Atget also travelled to many villages around Paris, places that today have been drowned by the slow creep of suburban Paris, places which for us now are stand-ins for provincial villages deep in the French countryside. One commentator said he was astonished by how much that Atget had travelled around France, not realising until much later that those towns and villages were at most a few hours’ tram ride from Atget’s apartment.
And then he was seventy. He continued to photograph, in the same way and with the same heavy view camera, but now he could freely choose for himself what he’d photograph. He rose the in the dark of the night to travel to the great parks around Paris, St. Cloud and Versailles and Sceaux, arriving at daybreak, photographing in the early morning light places he’d photographed decades earlier. By this time he had amassed an enormous collection of negatives and hand-made albums of every aspect of Parisian life. His prices modestly reflected not the artistic content of the photographs but how far he’d had to travel to take them, for they included the cost of transportation. He wrote to the great public institutions of Paris and offered to sell them all his archives, telling them that, in fact, he “owned all of old Paris”. But they did not seem all that interested. They bought some, but left thousands more.
By now, it was the 1920s. A few doors down from Atget’s apartment on Rue Campagne-Première lived a certain Man Ray, who would become one of Paris’ most celebrated portrait photographers of the time and a key figure in the surrealist movement. Man Ray supplemented his income by taking photographs of friends and visiting celebrities (celebrities paid more of course) and knew everyone. He knew the old man because probably Atget sometimes came to artists’ studios offering to sell photographs and prints. Man Ray even bought a few dozen, and on the front page of his surrealist magazine he published a photograph of curious Parisians staring at solar eclipse from the Place de la Bastille. Another Atget photograph the surrealists appreciated showed headless dummies modelling women’s corsets in a shop window in the Rue des Gobelins. Reflected in the shop window one can see the dome of the Manufacture des Gobelins across the street, where tapestries and furnitures are made for all the great French buildings from the 15th century onwards.

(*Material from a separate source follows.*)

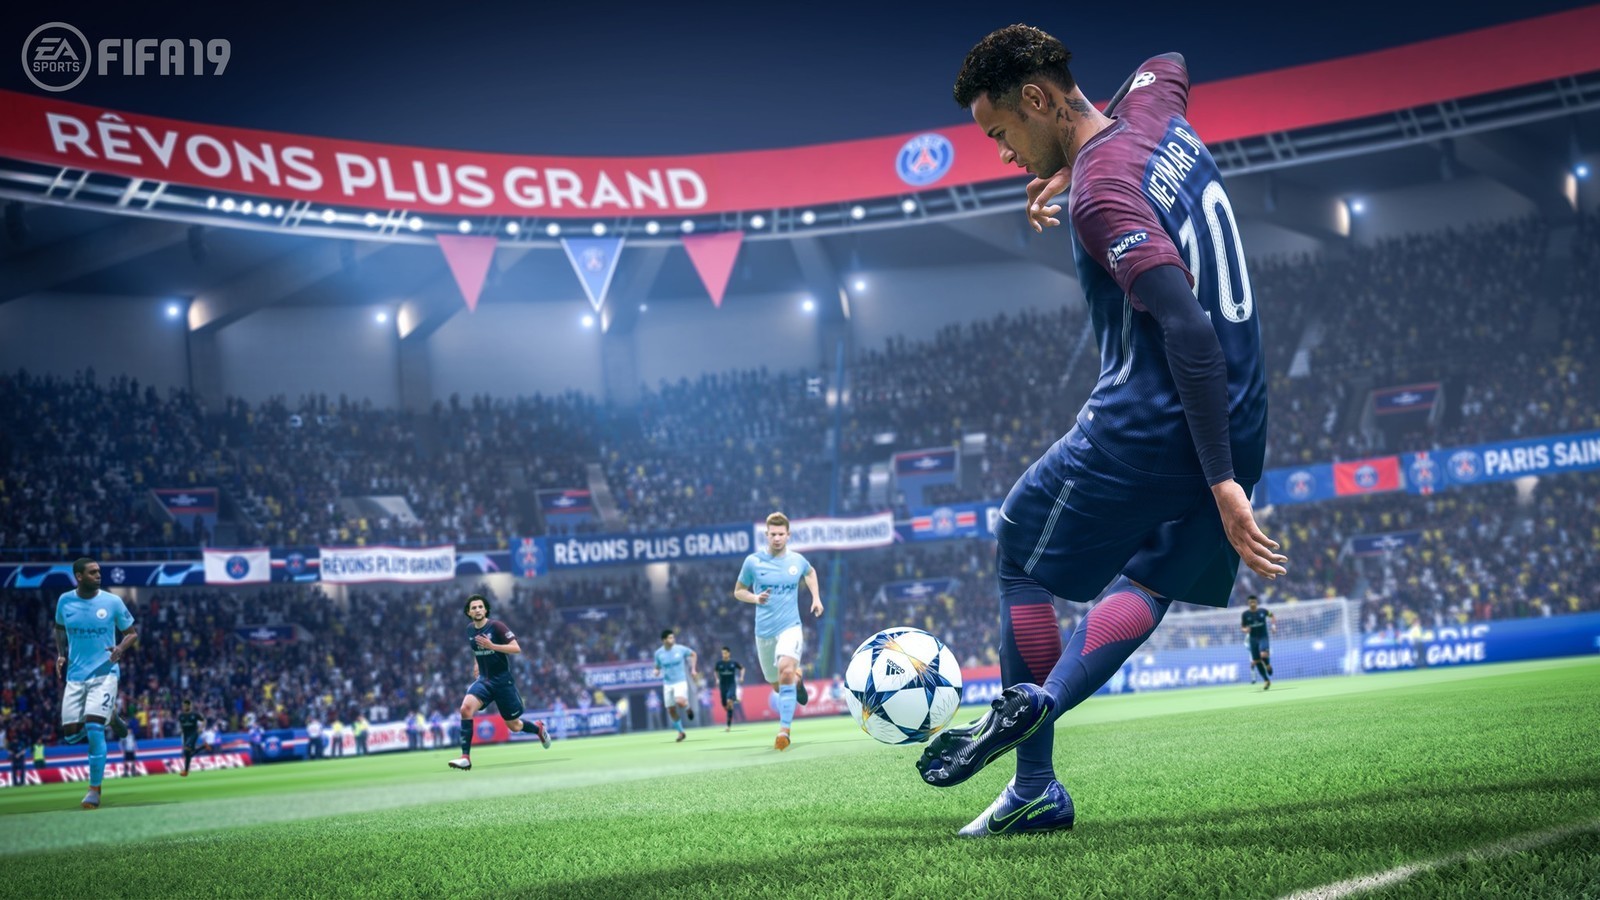 Pro Evolution Soccer 2019-CPY PC Direct Download [ Crack ]

One of Man Ray’s many acquaintances was a young American woman, Berenice Abbot, who was immediately interested by Atget’s photographs. She visited him in his studio, saw how he slowly developed his plates, interrupting their cups of tea by taking them out of the developer bath to peer at them under a special light (Rodinal stand-developing!). He hand-assembled his albums from contact prints he made himself. There were no enlargers. Atget allowed her to take his portrait (probably to the annoyance of Man Ray) and this the portrait everyone sees when they think of Atget, an old man with stooped shoulders and tousled hair. And one day, coming back to the apartment to see him, she discovered that old man was gone, the apartment empty. And what had happened to the negatives? Where had they gone?
And this, in fact, is the start of this story.
3 thoughts on “Eugène Atget, his life”
This is a most excellent post. I’ve never been hugely excited by Atget’s work on an aesthetic level, but I find it fascinating as documentary. I didn’t know most of what you wrote here.
Thanks! It’s interesting to join up the French and American side of things. Atget was certainly a fascinating character.